- Directed by: Eric Till
- Written by: Terence Heffernan
- Produced by: Pierre Patry Martin Rosen
- Starring: Reni Santoni Louise Latraverse Paul Sand
- Cinematography: Jean-Claude Labrecque
- Edited by: Ralph Rosenblum
- Music by: Robert Prince
- Production company: Argofilm
- Release date: June 23, 1968 (Berlin);
- Running time: 80 minutes
- Country: Canada
- Language: English

= A Great Big Thing =

1968 Canadian film

A Great Big Thing is a Canadian-American comedy-drama film, directed by Eric Till and released in 1968. The film stars Reni Santoni as Vinny Shea, an aimless young man and aspiring writer who gets into various misadventures around Montreal while trying to write his first novel.

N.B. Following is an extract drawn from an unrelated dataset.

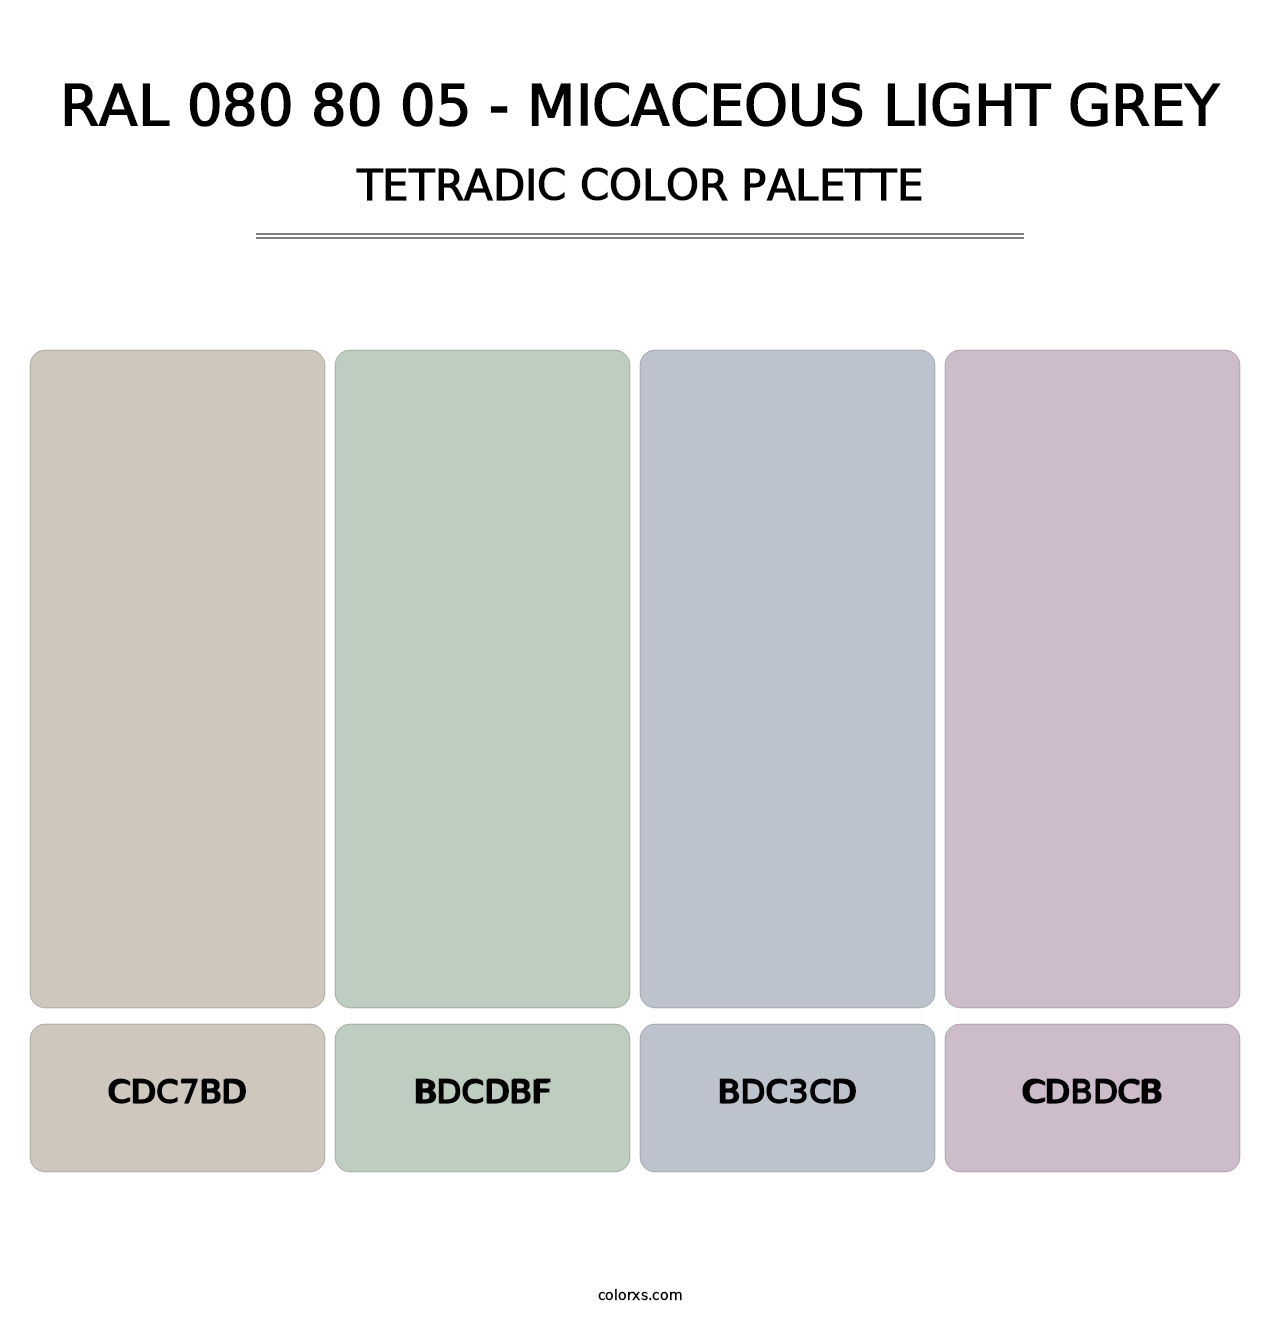 RAL 080 80 05 - Micaceous Light Grey - Tetradic Color Palette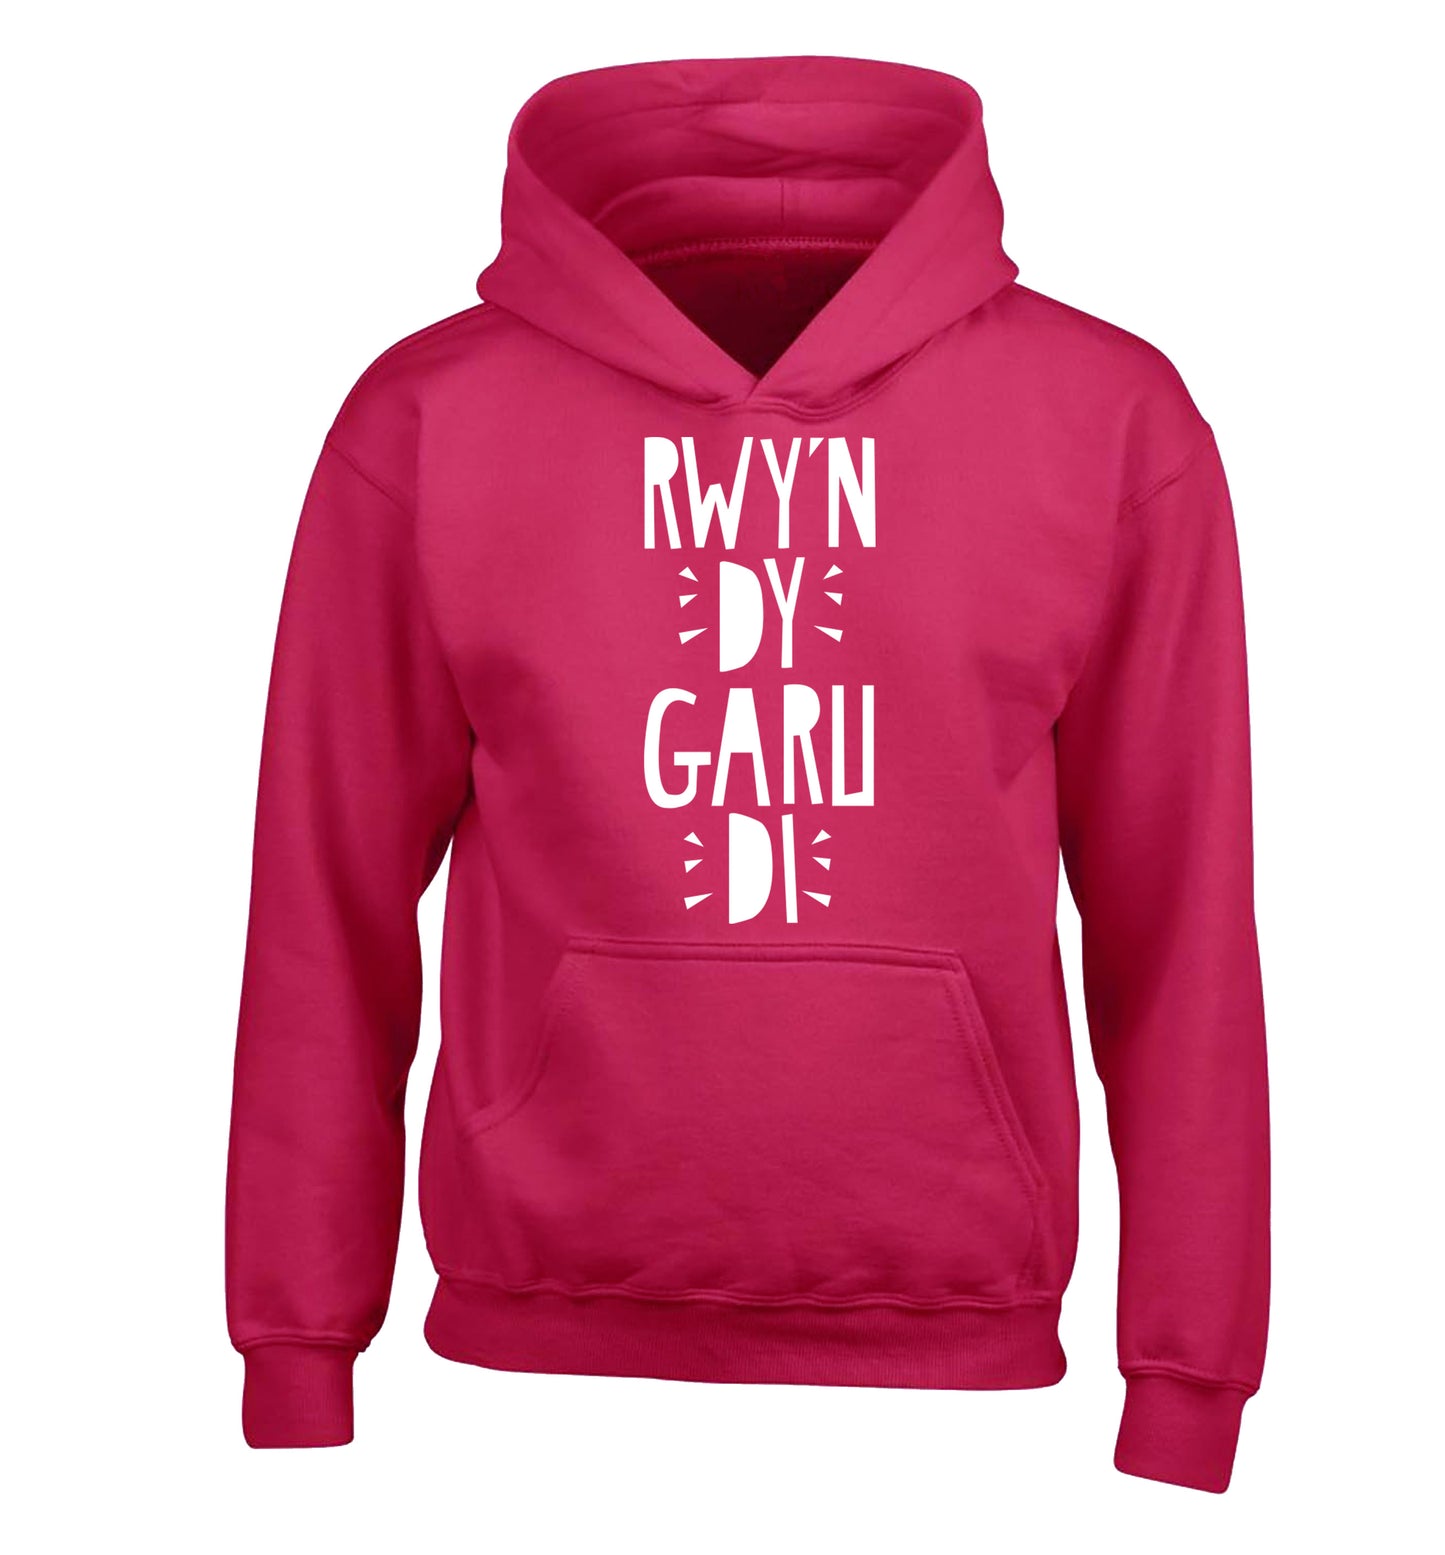 Rwy'n dy garu di - I love you children's pink hoodie 12-13 Years

The film's cast also included Louise Latraverse, Paul Sand, Marcy Plotnick, Gerard Parkes, François Yves Carpentier, Roberta Maxwell, Leon Pownall and Heath Lamberts.

Screenwriter Terence Heffernan had originally submitted the film's screenplay to the CBC Television drama anthology series Festival, but after Till signed on as director, he instead opted to make the film independently with the participation of the American Argo Films studio.

The film premiered in 1968 at the 18th Berlin International Film Festival as part of Young Canadian Film, a non-competitive program highlighting recent films by new and emerging Canadian film directors. It had its Canadian premiere in 1970 at Gerald Pratley's Ontario Film Institute.